The boots are going back to the store as they are causing some discomfort already not even in use... just walked around the house in them. The problem is I have a high arch and a wide foot. They are a bit narrow where the toung is stitched on top of the foot. This causes a little bit of pain. after 30min of wear i feel a lot of pressure on the side of the foot. I know vans run wider then most boots but the lack of heat molding is an issue. The 2011s have that btw... 

I now ordered teh RIDE DEUCE they should be a little softer and perhaps will work for me.


----------



## snoweater (Sep 21, 2010)

after about an hour of walking in the house in them i noticed some hot spots. When I just put them on they were perfectly comfy.

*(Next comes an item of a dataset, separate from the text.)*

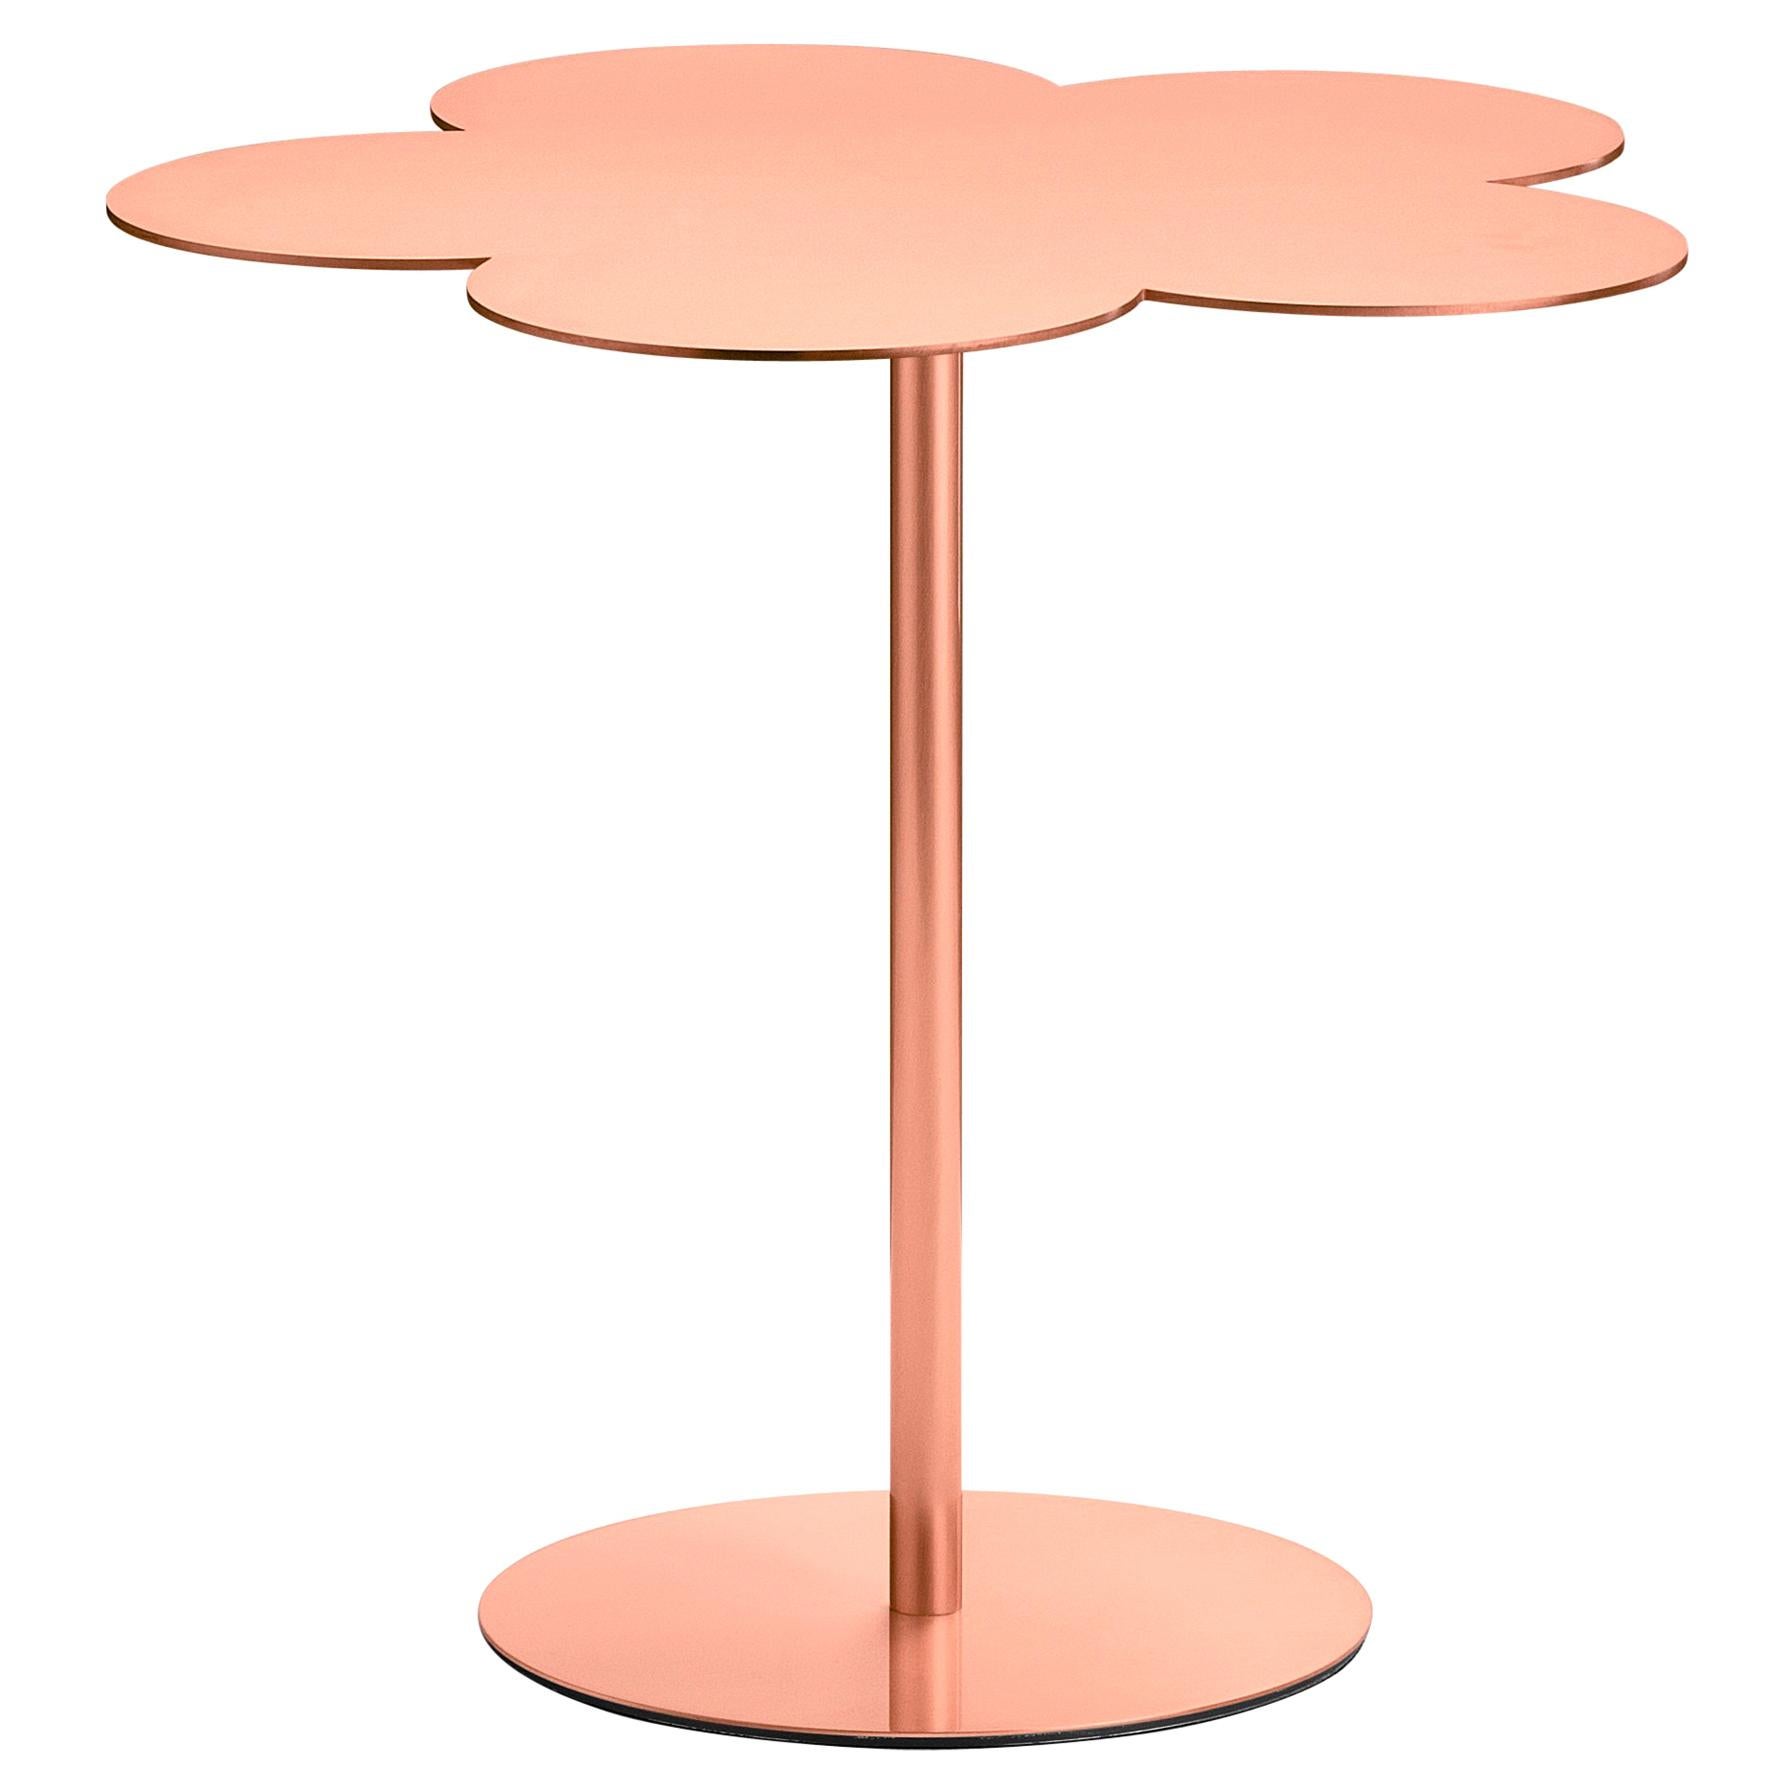 Ghidini 1961 Large Flowers Coffee Side Table in Copper by Stefano Giovannoni

im going to wear them for a few days and keep you guys posted. when i loosened the boot a bit the pain went away but the hot spots where still there. Im going to keep yall updated.


----------



## legallyillegal (Oct 6, 2008)

i took a dump this morning


----------



## snoweater (Sep 21, 2010)

haha  thanks for the reply.


----------



## mOnky (Feb 8, 2009)

lol. i took a dump this afternoon.. twice
have u tried them on without the J bars?


----------



## snoweater (Sep 21, 2010)

mOnky said:


> lol. i took a dump this afternoon.. twice
> have u tried them on without the J bars?

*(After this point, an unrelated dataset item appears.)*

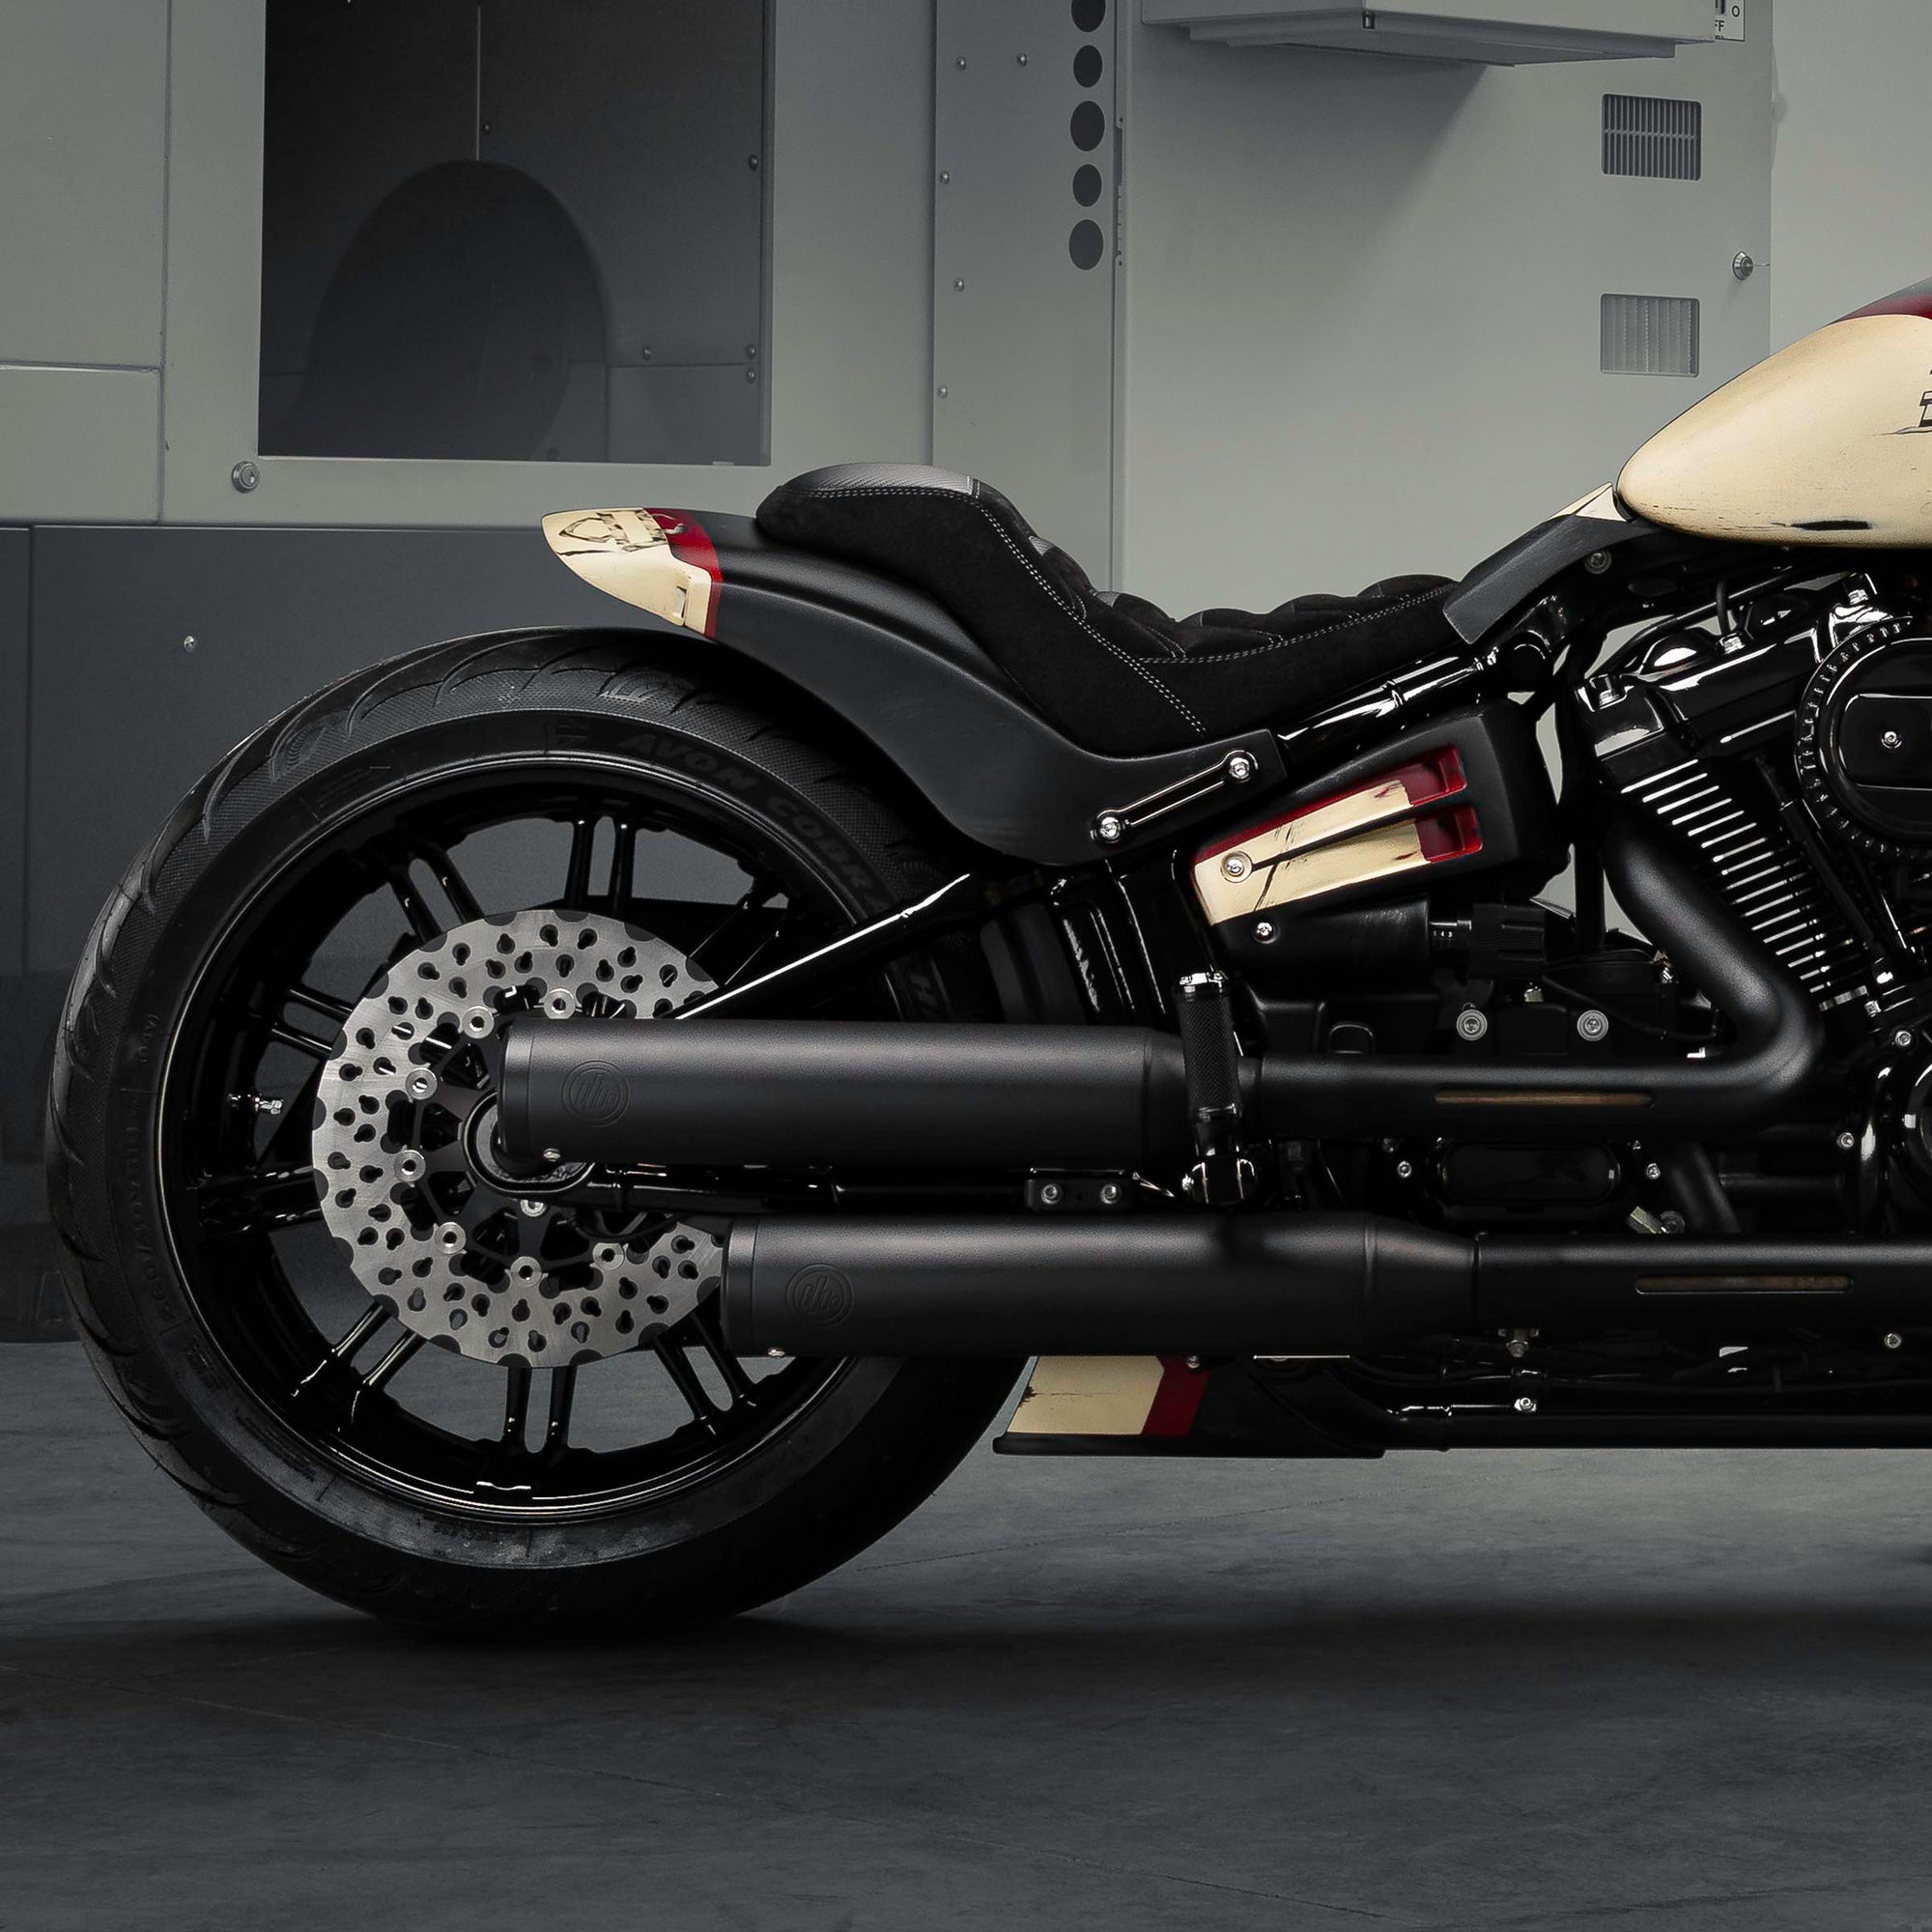 Zoomed Harley Davidson motorcycle with Killer Custom parts from the side in a modern bike shop

i just took a dump... the J bars are comfy... no need to take them out the problem is in my for foot...


----------



## legallyillegal (Oct 6, 2008)

aftermarket insoles, proper socks


----------



## Milo303 (Apr 6, 2009)

The stock insoles in those boots aren't that bad actually

I replaced mine with Remind insoles and couldn't tell a major difference


----------



## snoweater (Sep 21, 2010)

Milo303 said:


> The stock insoles in those boots aren't that bad actually
> 
> I replaced mine with Remind insoles and couldn't tell a major difference


boots are going back after my feet started aching after about 20 min in them... getting a pair or RIDEs and seeing how they work out.


----------



## Milo303 (Apr 6, 2009)

Sucks they aren't for you. Did you tighten them to much? I know I get hot spots in mine if I crank em down to tight...

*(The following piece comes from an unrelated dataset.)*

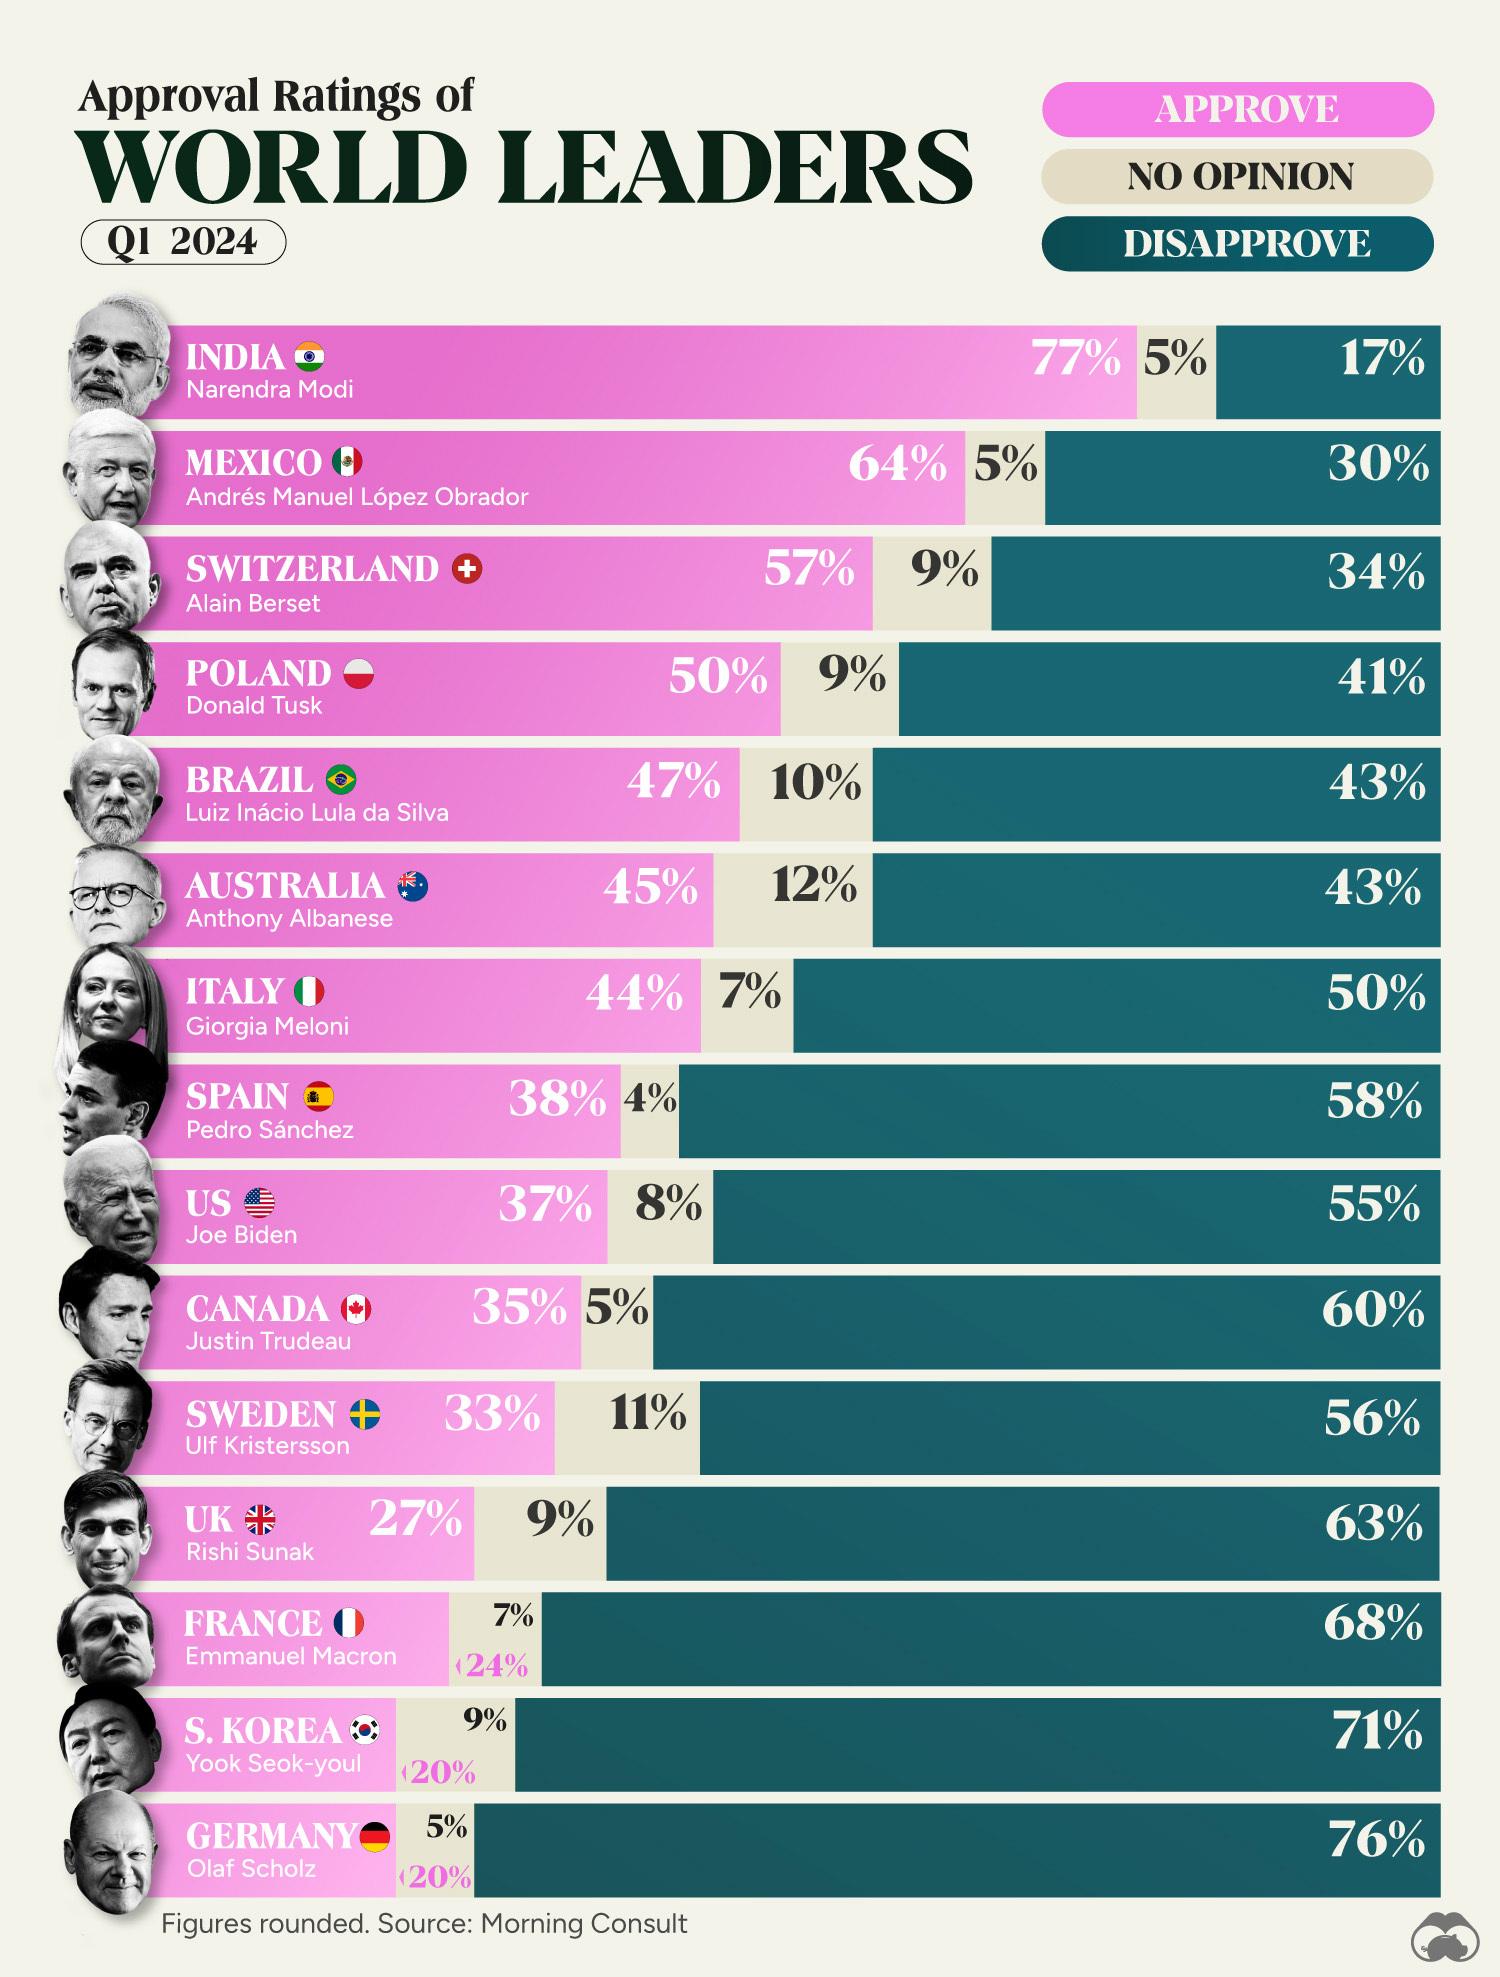 Approval Ratings of World Leaders

But ya, I bet you won't go blabbing about how badass your next pair of boots are though ( =


----------



## snoweater (Sep 21, 2010)

Milo303 said:


> Sucks they aren't for you. Did you tighten them to much? I know I get hot spots in mine if I crank em down to tight...
> 
> But ya, I bet you won't go blabbing about how badass your next pair of boots are though ( =


im not blabbing how bad ass they are... I review all products I buy, I thought it would help out. Problem is my feet are defective...

Due to the high arch i have, the insoles are not closing enough there are gaps in the inside boot. The stitches where the tung starts out from are stretching apart because my foot is so wide...

I went with your advice regarding the RIDE DEUCE you recommanded for wider and high arch feet. Thanks btw.

they are nice boots though and if you don't have a defective foot like mine...


----------



## Music Moves (Jan 23, 2009)

I really dig mine for a medium stiffness... initially, I had to experiment with the double BOA to find exactly how I wanted them to fit, but I finally found it. I also adjust them based on what binding and terrain I'm riding... actually looking at softer boots right now as I want something that will give me the freedom to tweak jumps a little more... 

I have the overwhelming urge to take a dump for some reason... wouldn't mine getting one either.................










































That is a snow reference in case some of you are having "2 girls and a cup" thoughts... fucking nasty fuckers.


----------



## snoweater (Sep 21, 2010)

lol... thanks for that ref, i was having my lunch 2...


----------



## Mirage (Jun 16, 2010)

I just got a pair of Ride Insanos and if the Deuces are anything like those in fit you should like them. Granted my arch isn't as high as yours sounds but my feet were very comfy and warm after wearing them around the store for an hour.


----------